MANDAMENTOS DO IMPÉRIO INCA
Os três princípios dos indígenas aimarás e quéchuas
Ama Killa
não ser preguiçoso
Ama Llulla
não mentir
Ama Shua
não roubar

PARA SABER MAIS
História milenar
  Os aimarás são um povo milenar dedicado à pecuária e à agricultura. Até hoje, utilizam técnicas ancestrais de cultivo. Foram eles que domesticaram a batata, que apresenta 200 variedades no Altiplano (planalto andino).
  Esse grupo se assentou nas margens do lago Titicaca em 1580 a.C. e ali se manteve até 1200 d.C., quando foi conquistado pelos incas, que desceram de Machu Picchu em direção ao sul e dominaram territórios até a porção norte do que hoje pertence à Argentina. Nesse período, a população aimará estava debilitada por 15 anos de seca.
  De acordo com os censos mais recentes, há 1,3 milhão de aimarás na Bolívia, 300 mil no Peru, 50 mil no Chile e várias comunidades no norte argentino.

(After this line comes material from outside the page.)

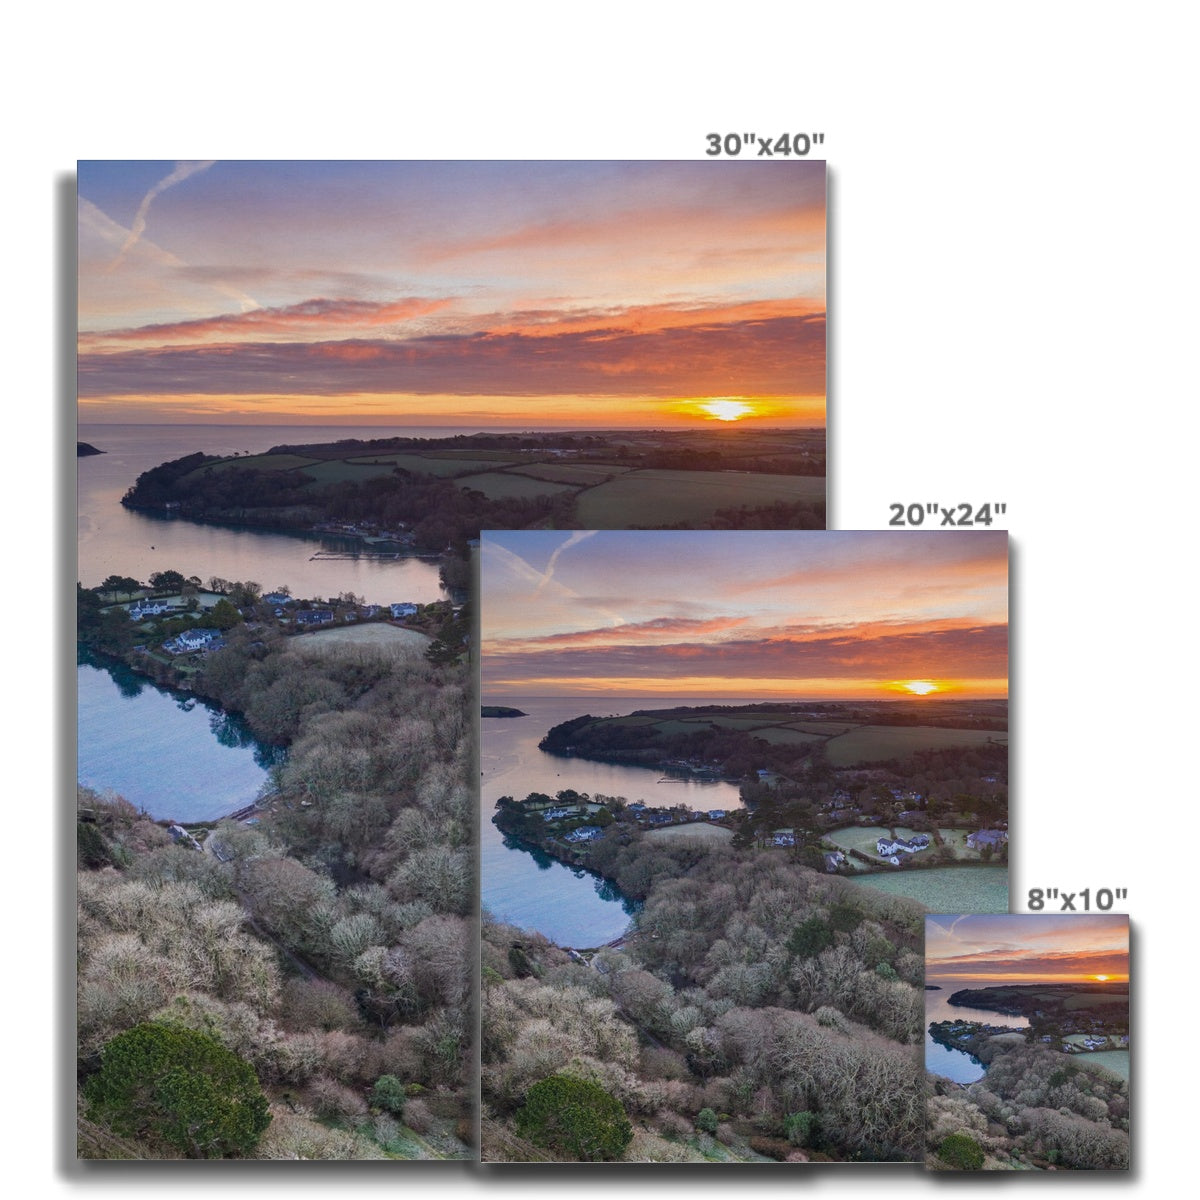 frenchmans creek sunrise canvas sizes

  Segundo a tradição, Mama Capac e Mama Ocllo emergiram do mitológico Titicaca para dar à luz o Tahuantinsuyu (Estado Inca). Felipe Quispe, mallku (máximo dirigente, condor) da Confederação Sindical Única de Camponeses da Bolívia (Csucb), é um dos principais defensores do nacionalismo aimará.
  Quispe afirma que uma causa sagrada o chama à ação. Do Titicaca, afirma, ouve sussurros de versos da revolução indígena e, inspirado neles, quer a restauração da sociedade pré-hispânica, o Collasuyo (uma das quatro partes do Estado Inca) e a expulsão dos colonos brancos. Ele defende também os mandamentos ancentrais que proíbem mentir, roubar e ser preguiçoso.

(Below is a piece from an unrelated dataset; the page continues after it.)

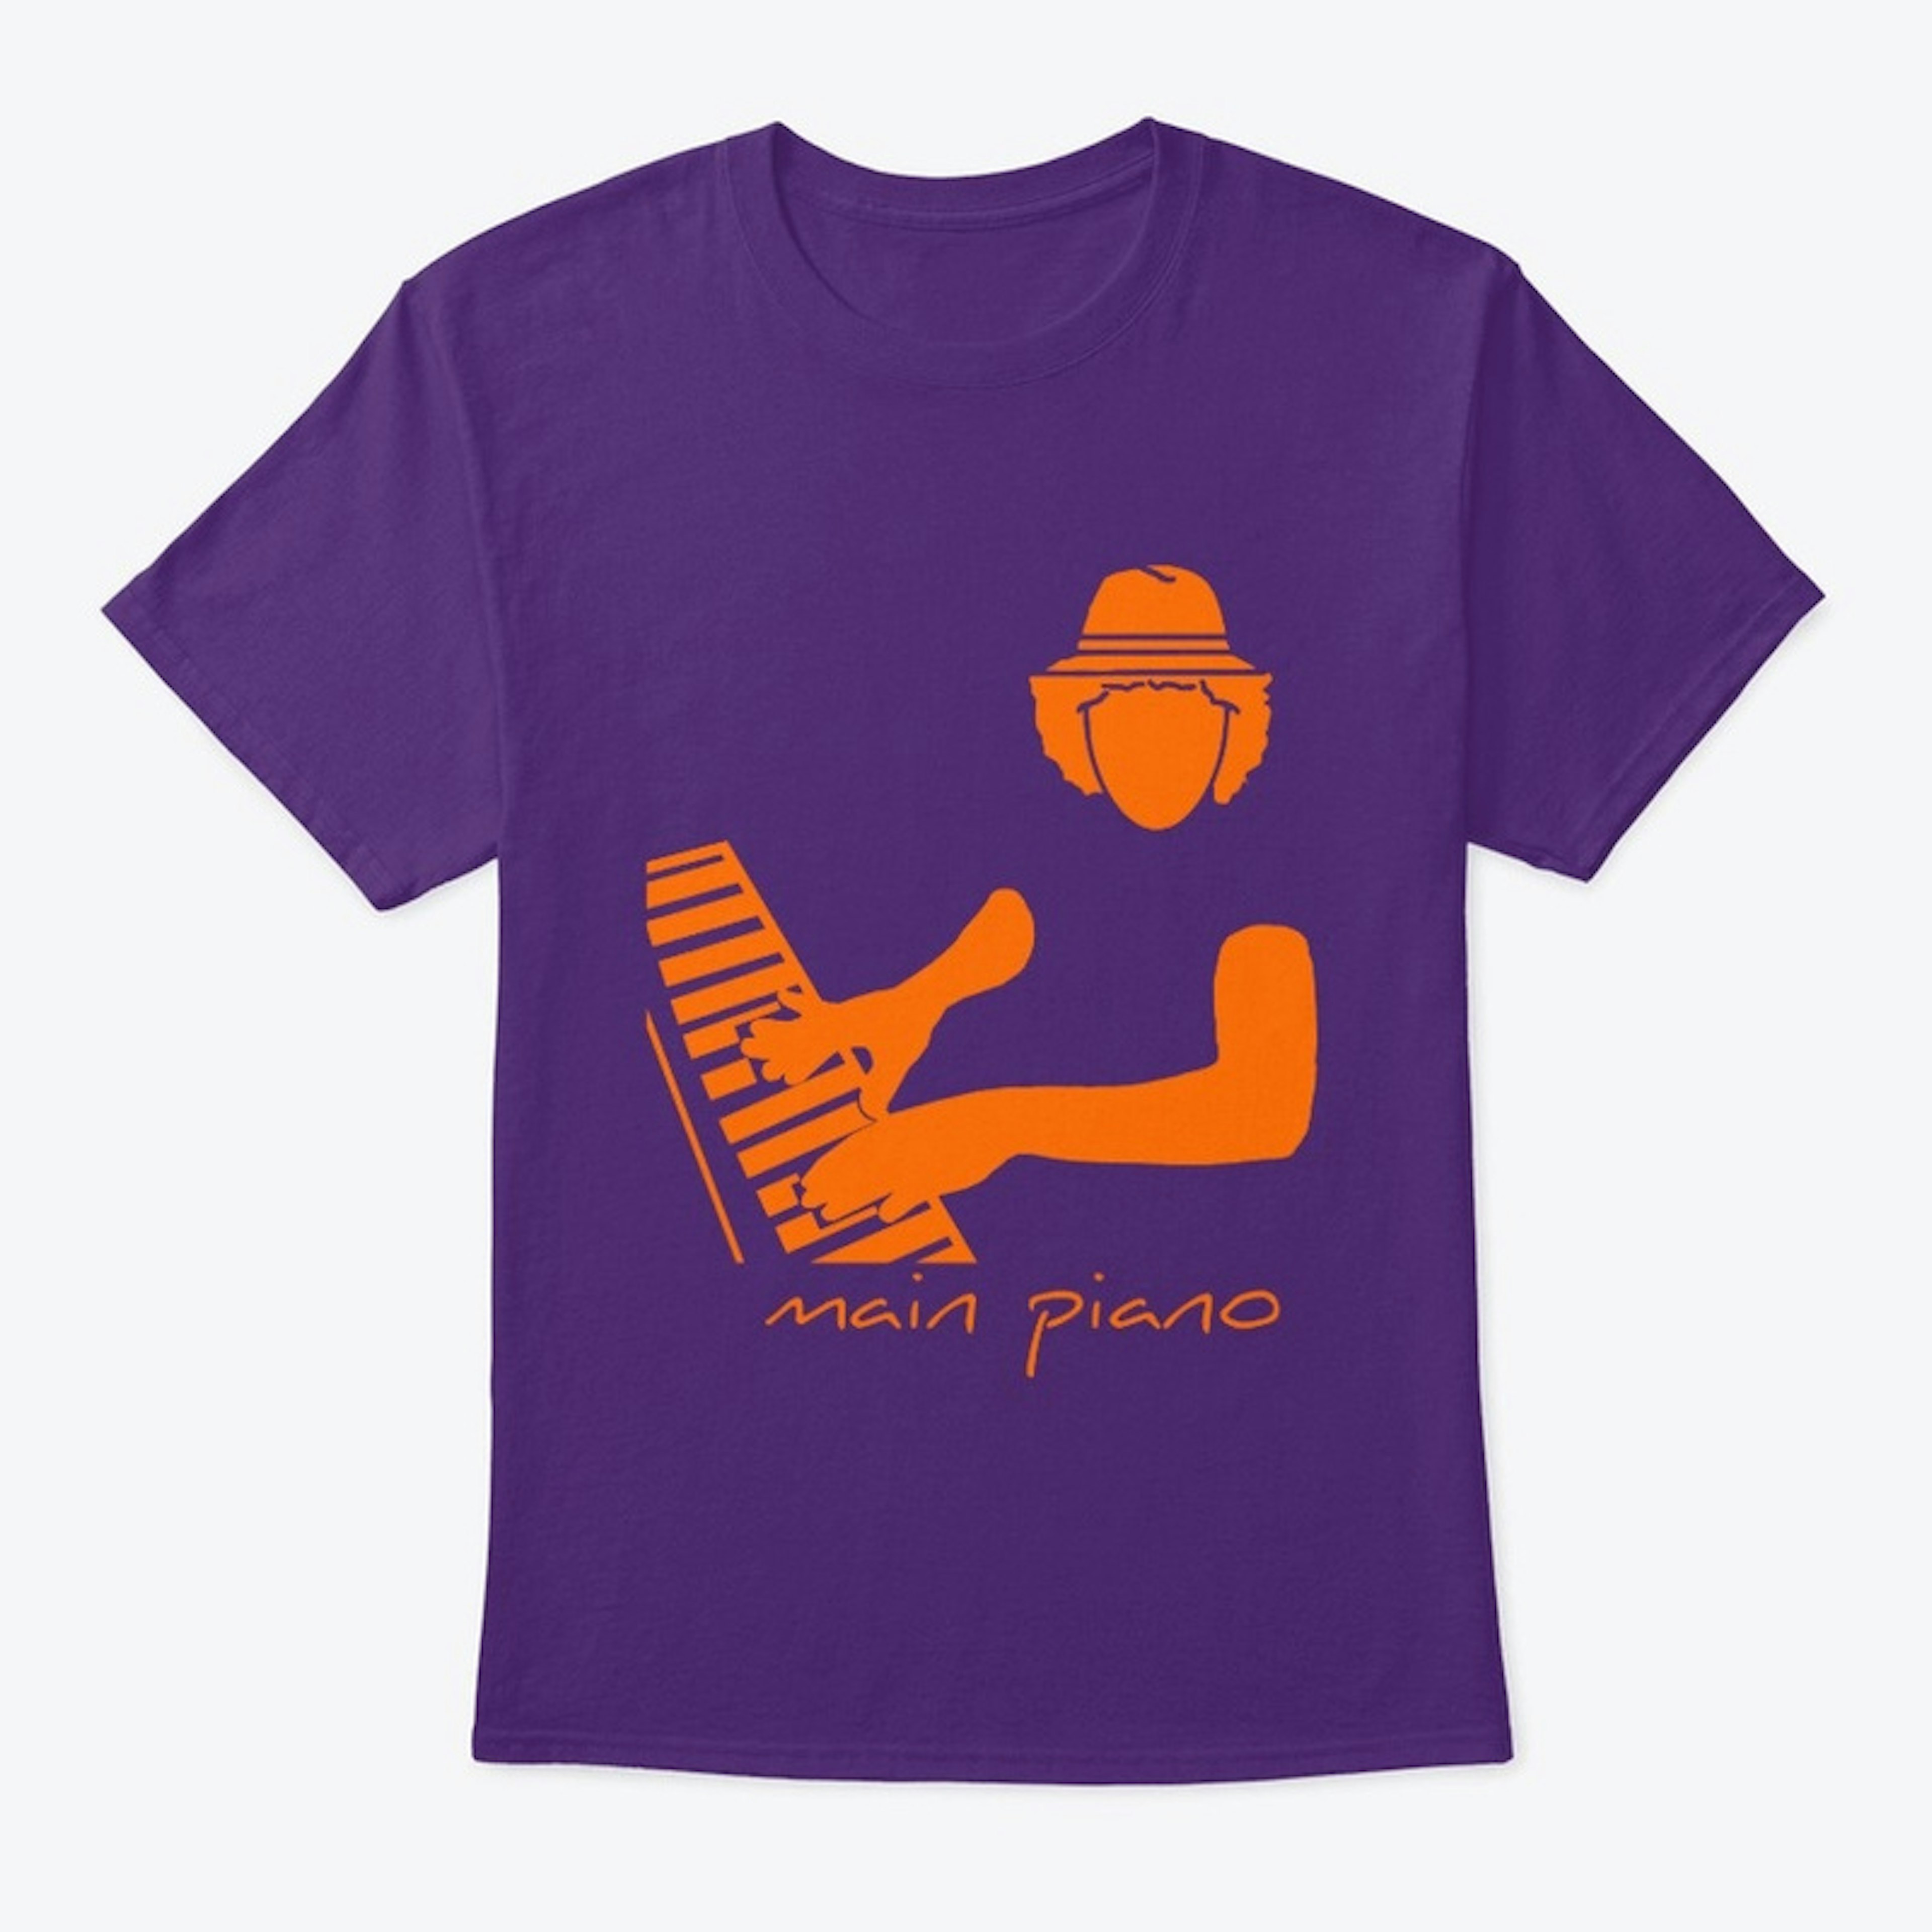 Main Piano T-Shirt (Orange Logo)

  Os enfraquecidos Estados latino-americanos têm, nos últimos anos, sofrido a pressão de dezenas de grupos autóctones que batalham por melhores condições de vida. Muitos, como parte dos aimarás, defendem até autonomia territorial para implantar as próprias formas de governo. Quispe prega a desobediência às autoridades e bandeiras bolivianas e quer que o poder válido seja o das comunidades.